======== Task input

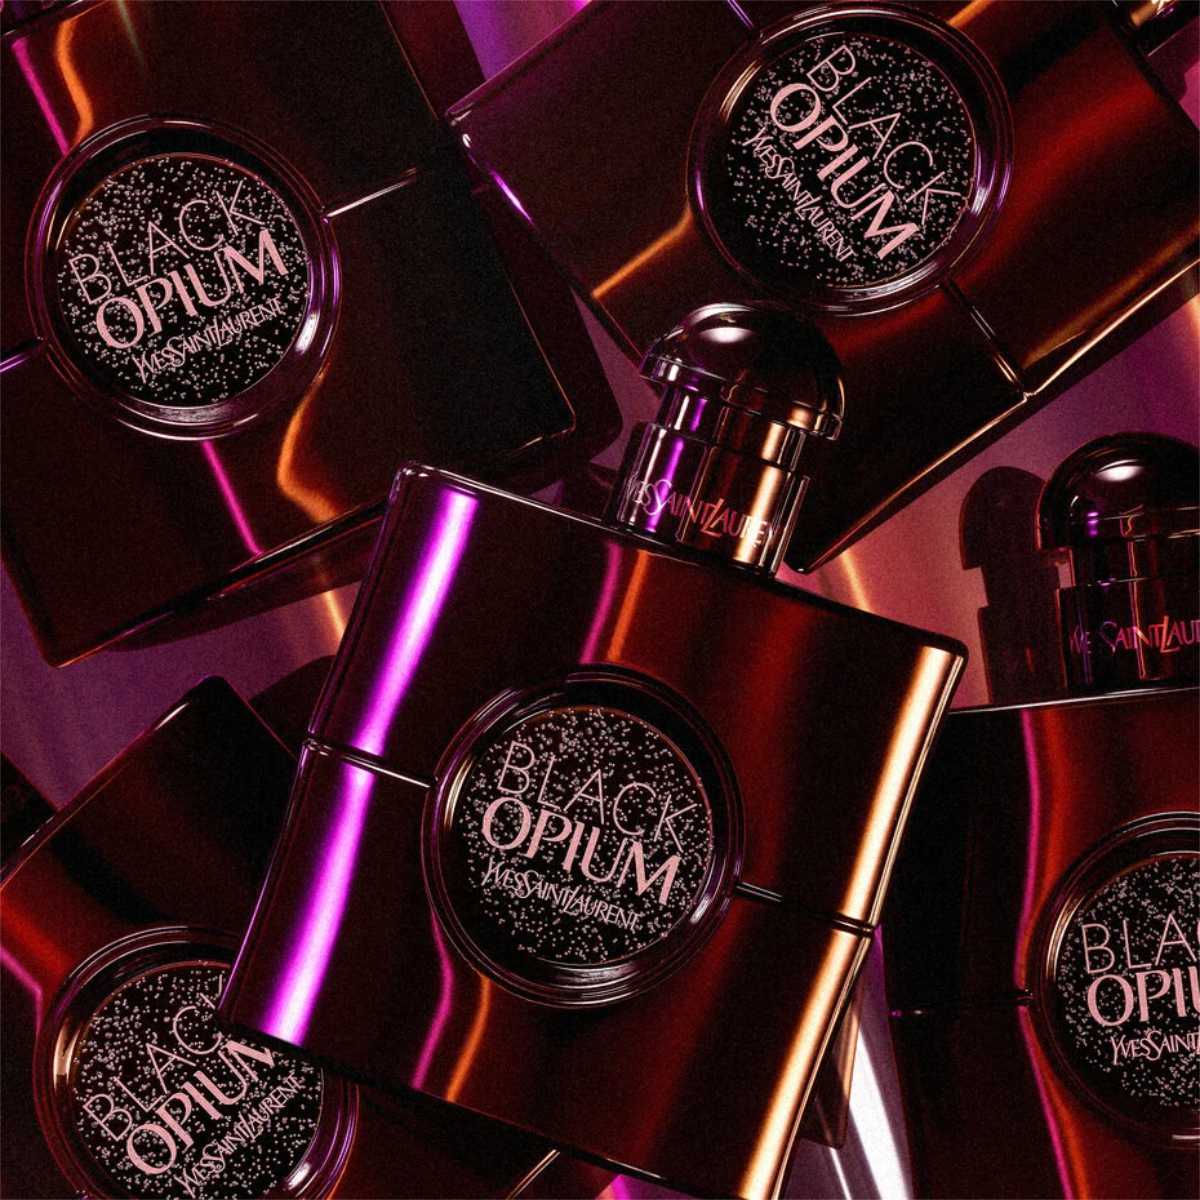 Yves Saint Laurent Black Opium Le Parfum | My Perfume Shop Australia
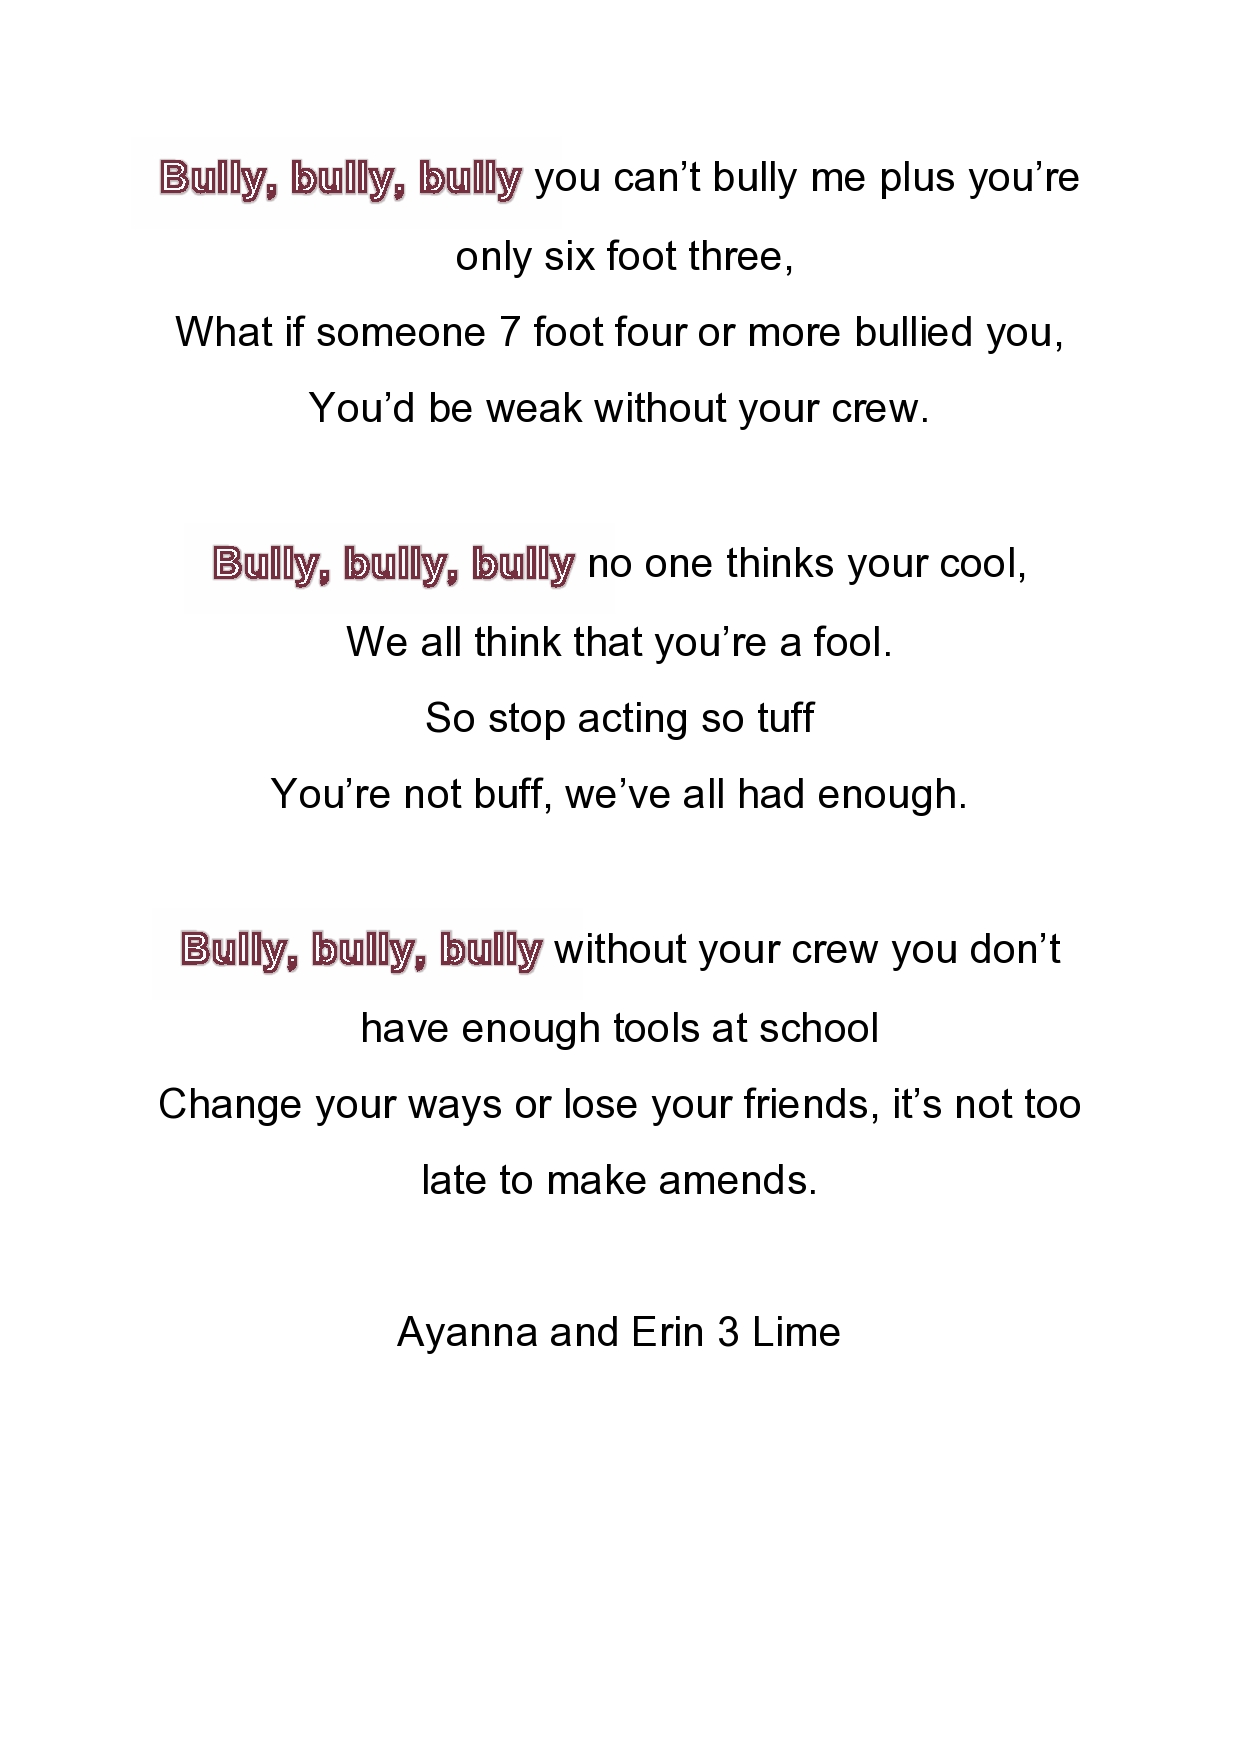 bully bully bully Ayanna and Erin-page0001.jpg
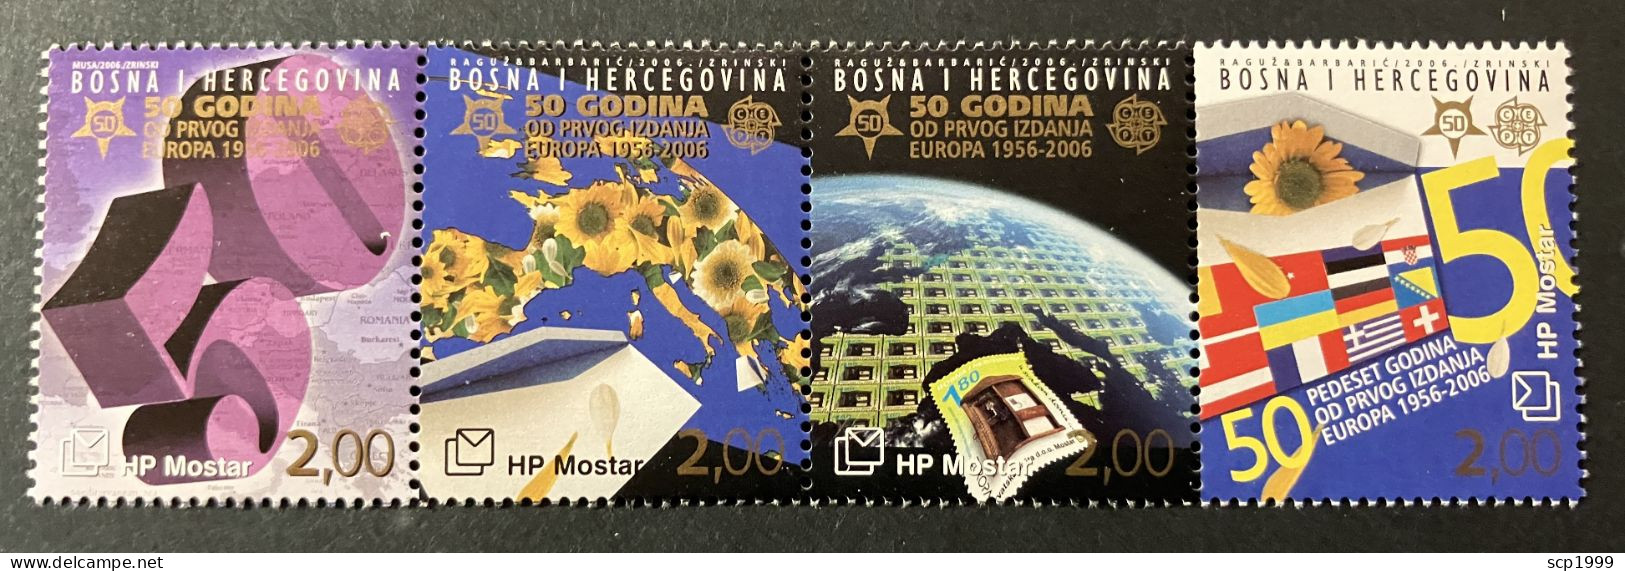 Bosnia And Herzegovina 2006 - Europa 50 Years Stamps Set MNH - Bosnie-Herzegovine
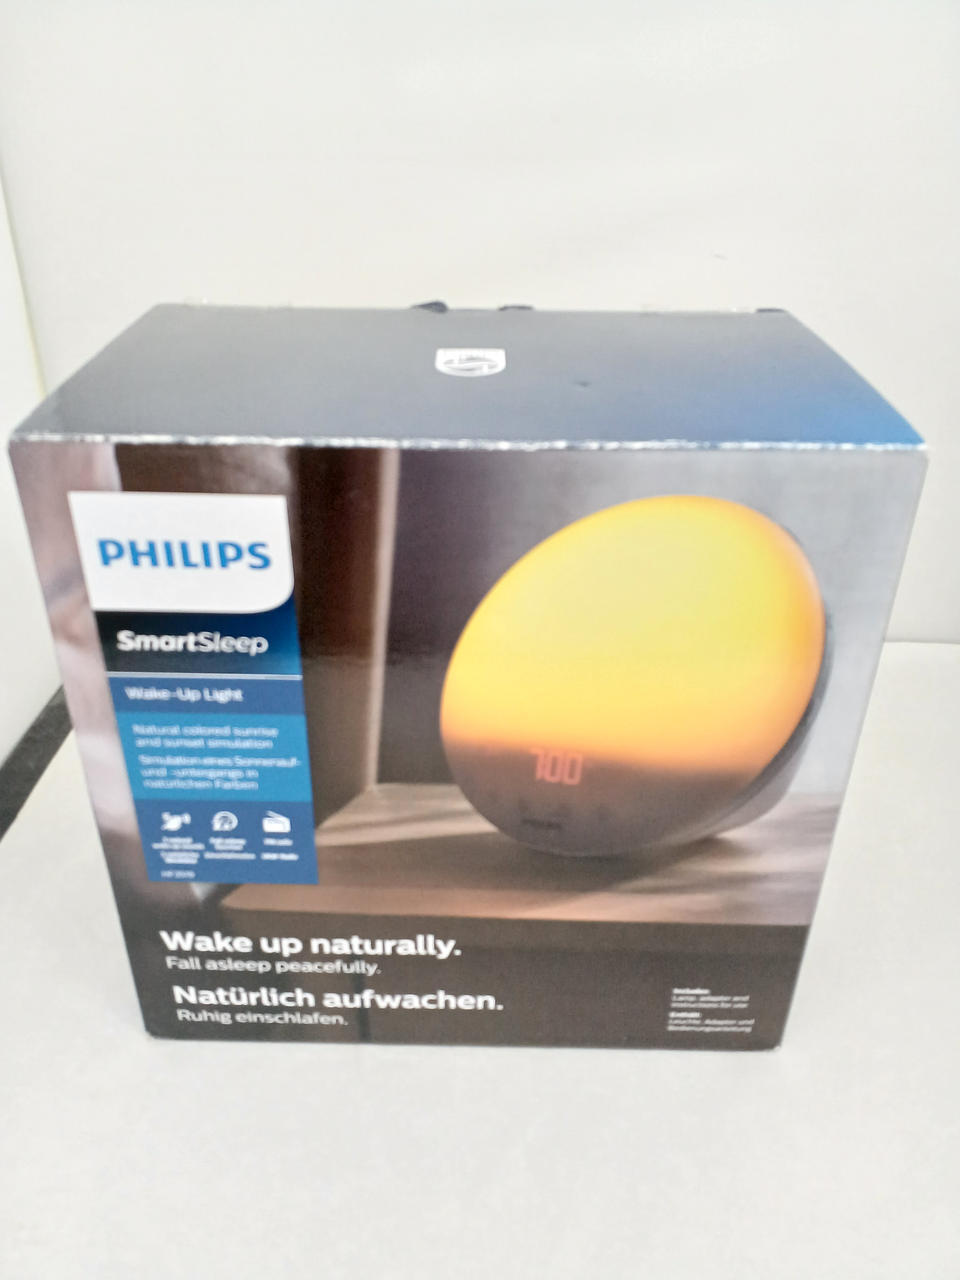 Philips Smartsleep Hf3519 Smart Alarm Clock
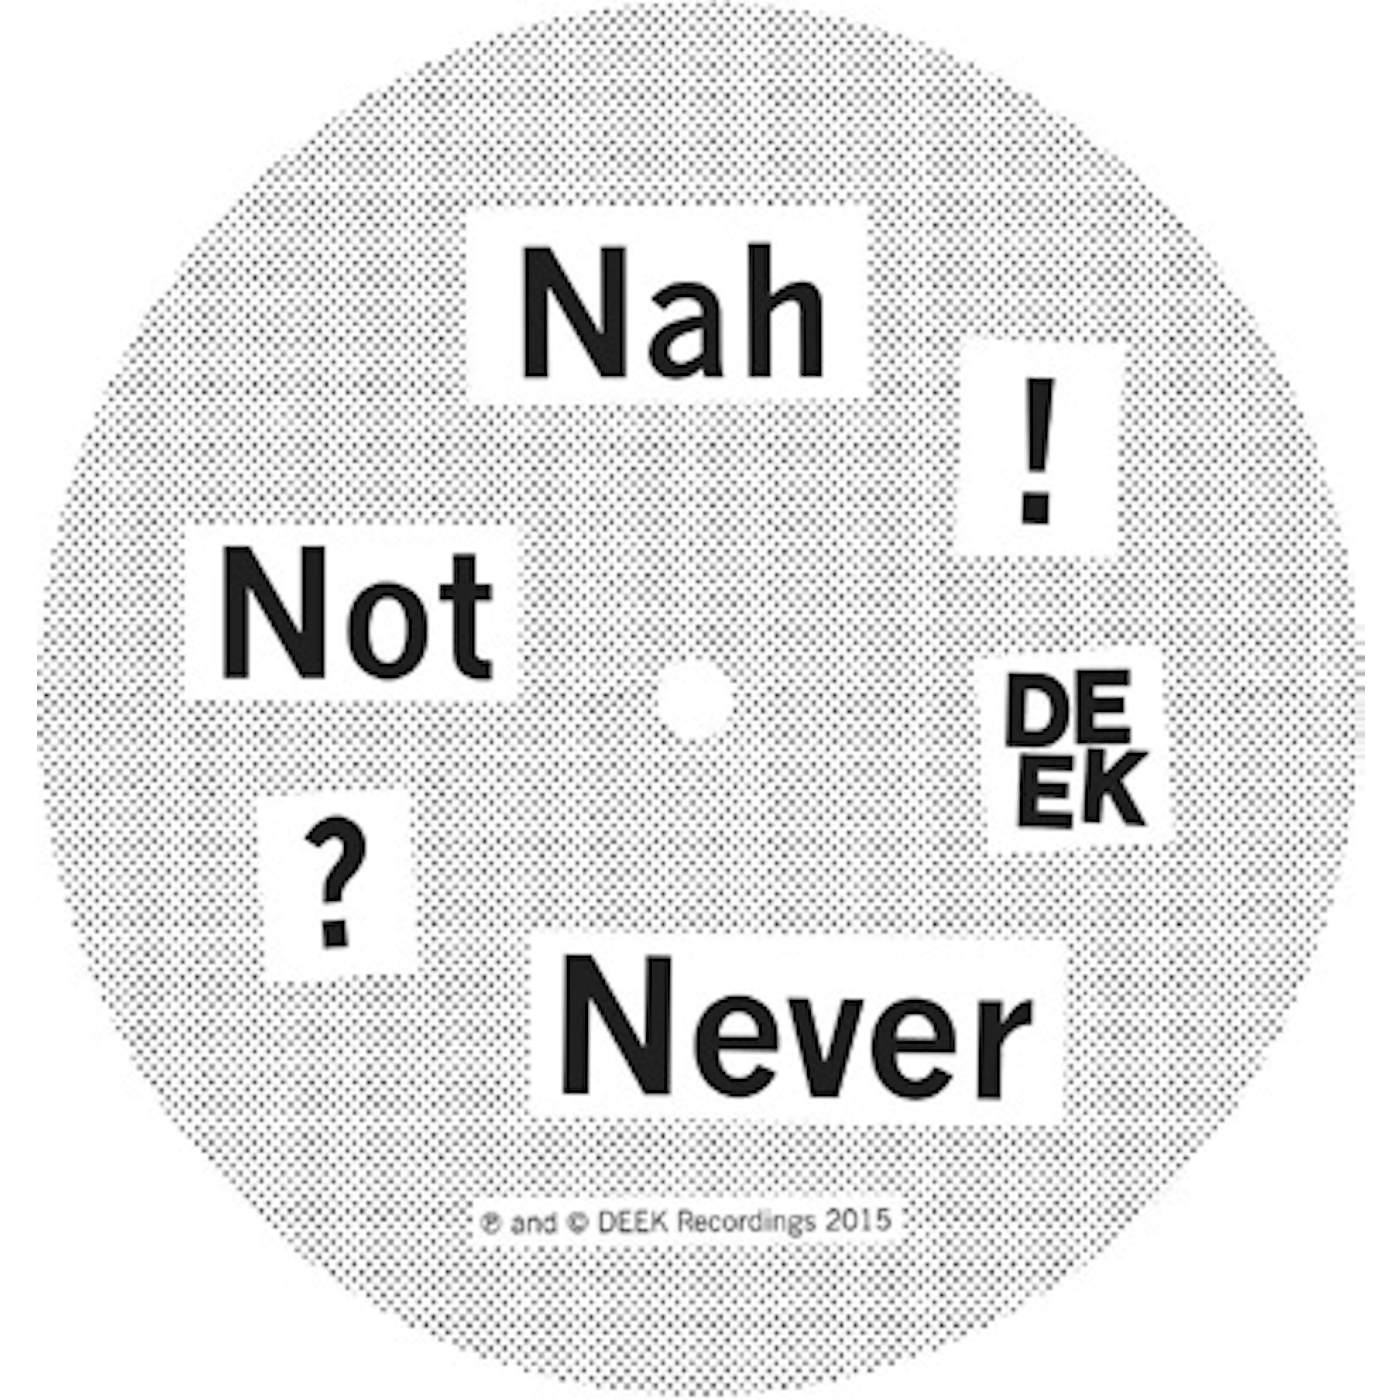 Don't Ask NAH NOT NEVER Vinyl Record

================

* [To do]: Do not copy pictures. Restate exactly the lines from the one containing "Philips Smartsleep Hf3519 Smart Alarm Clock" through the last line of the records.

* [Output for this task]:
 Philips Smartsleep Hf3519 Smart Alarm Clock
 Don't Ask NAH NOT NEVER Vinyl Record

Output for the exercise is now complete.